Revenue from service related activities including hire charges are recognised in accordance with the terms of the agreement upon rendering of such services.

Commission income is recognised as per contracts / receipt of credit notes.

Dividend income is recognised when the right to receive dividend is established.

Interest income is recognised on time proportion basis.

Revenue is recognised when there is reasonable certainty of its realisation.

1.10 Foreign Currency Transactions:

Foreign currency transactions are recorded at the exchange rates prevailing on the date of transaction. The net gain or loss on account of exchange differences arising on settlement of foreign currency transactions and / or restatements are dealt with in the Statement of Profit and Loss as income or expenses of the period in which they arise.

Monetary assets and liabilities denominated in foreign currencies at the Balance Sheet date are reported using the rate prevailing as on that date.

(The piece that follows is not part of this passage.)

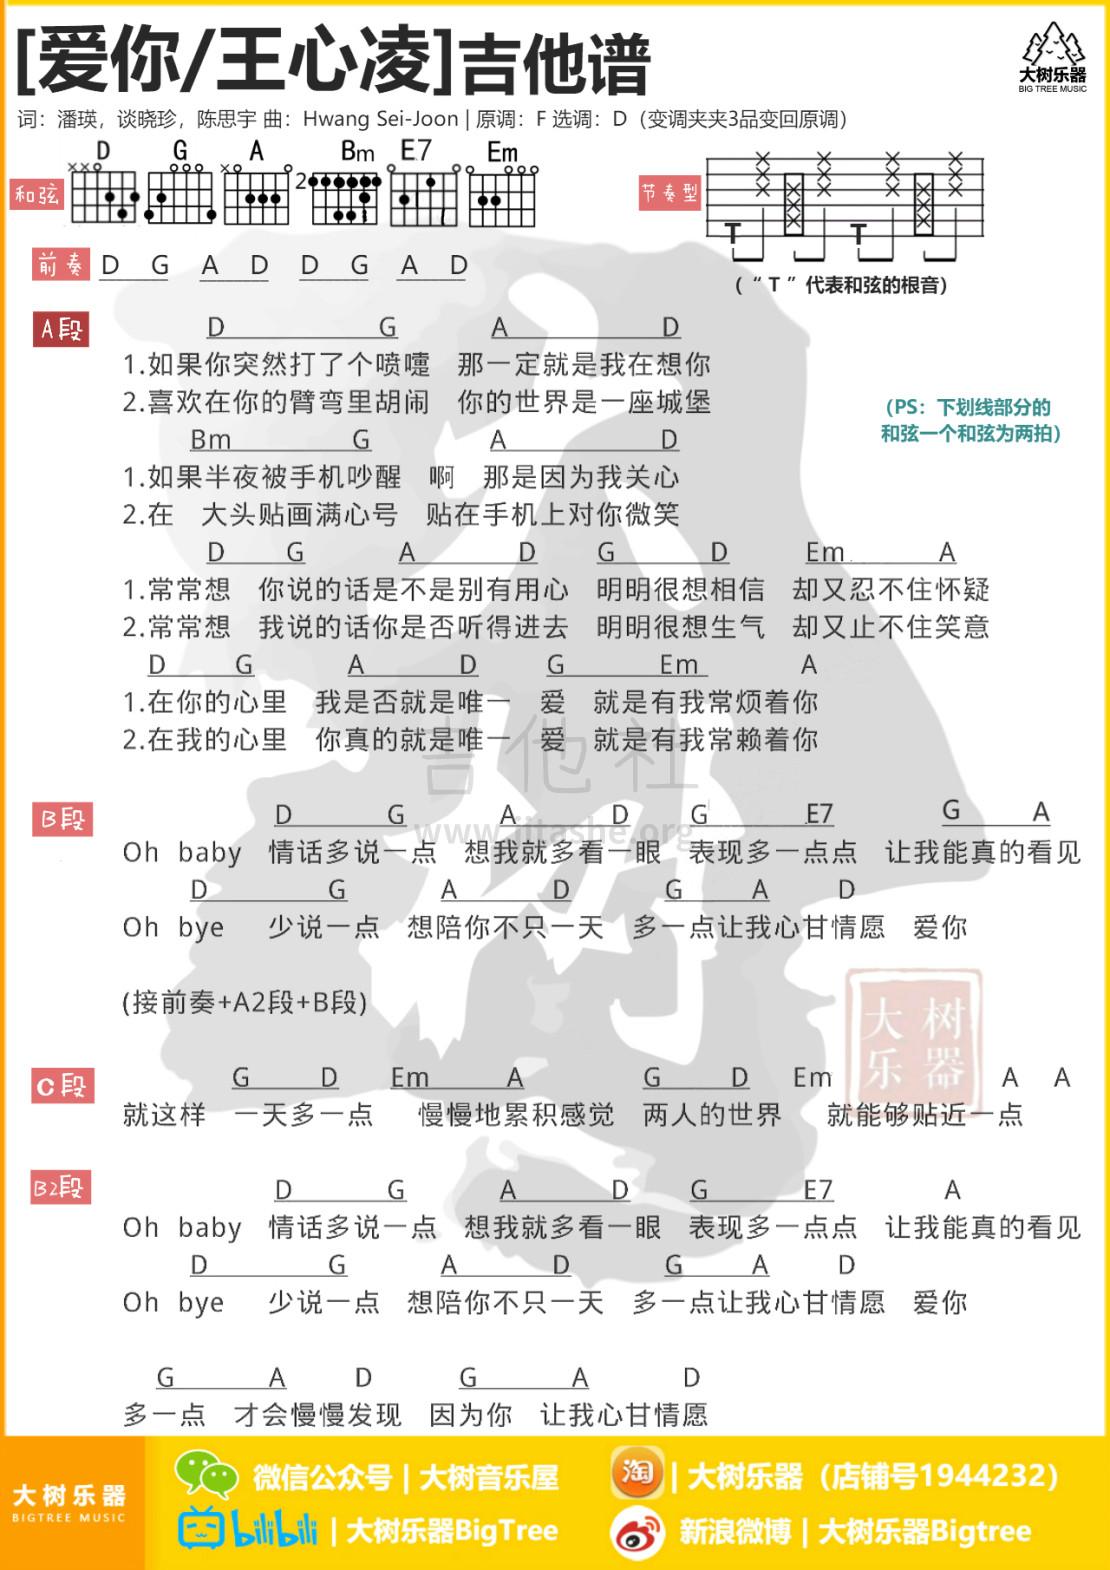 爱你吉他谱(图片谱,弹唱,教学,大树乐器)_王心凌(Cyndi Wang)_模板_memeitu_2.jpg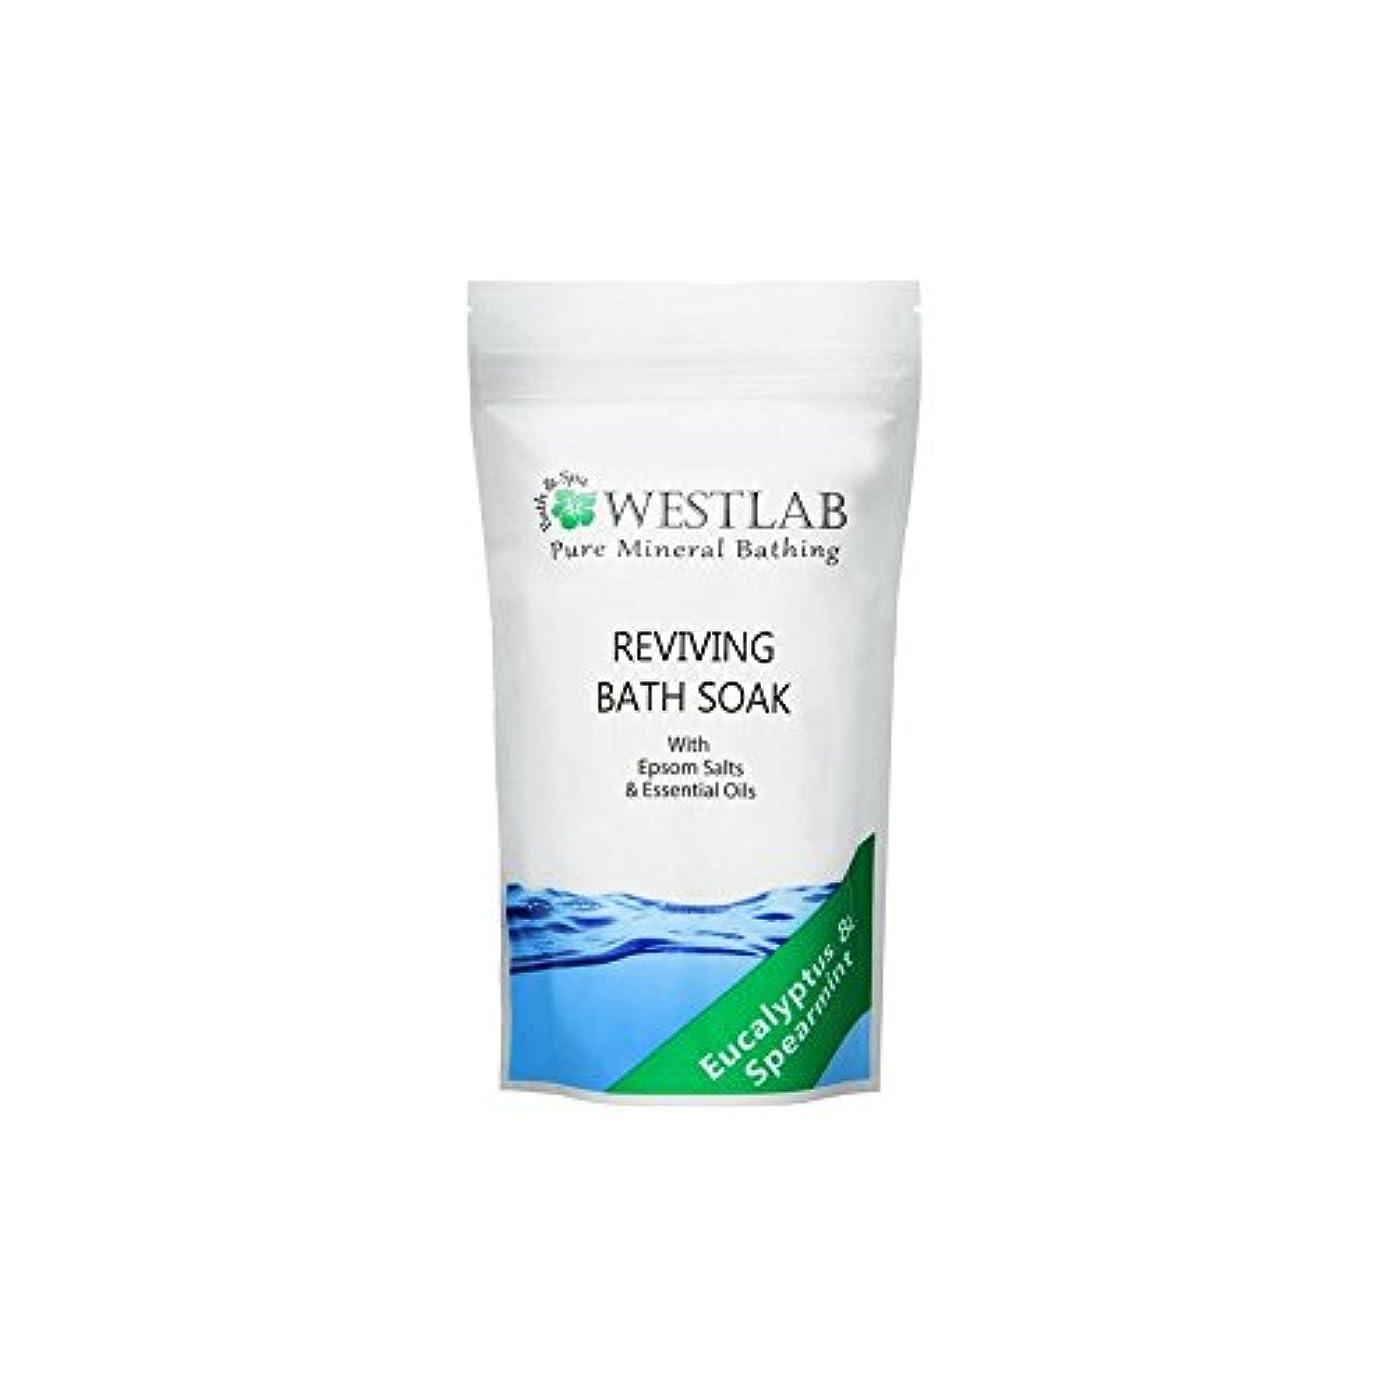 有力者恒久的センチメンタル(500グラム)をソークエプソム塩浴を復活させます x2 - Westlab Revive Epsom Salt Bath Soak (500g) (Pack of 2) [並行輸入品]

The resultant exchange differences are recognised in the Statement of Profit and Loss.

In respect of the Forward Exchange contracts with underlying transaction, the premium or discount arising at the inception of such contracts are recognised as expenses or income over the life of the contract.

1.11 Government Grant:

Grants and Subsidies from the Government are recognized when there is a reasonable assurance that (i) the company will comply with the conditions attached to them, and (ii) the grant/subsidy will be received.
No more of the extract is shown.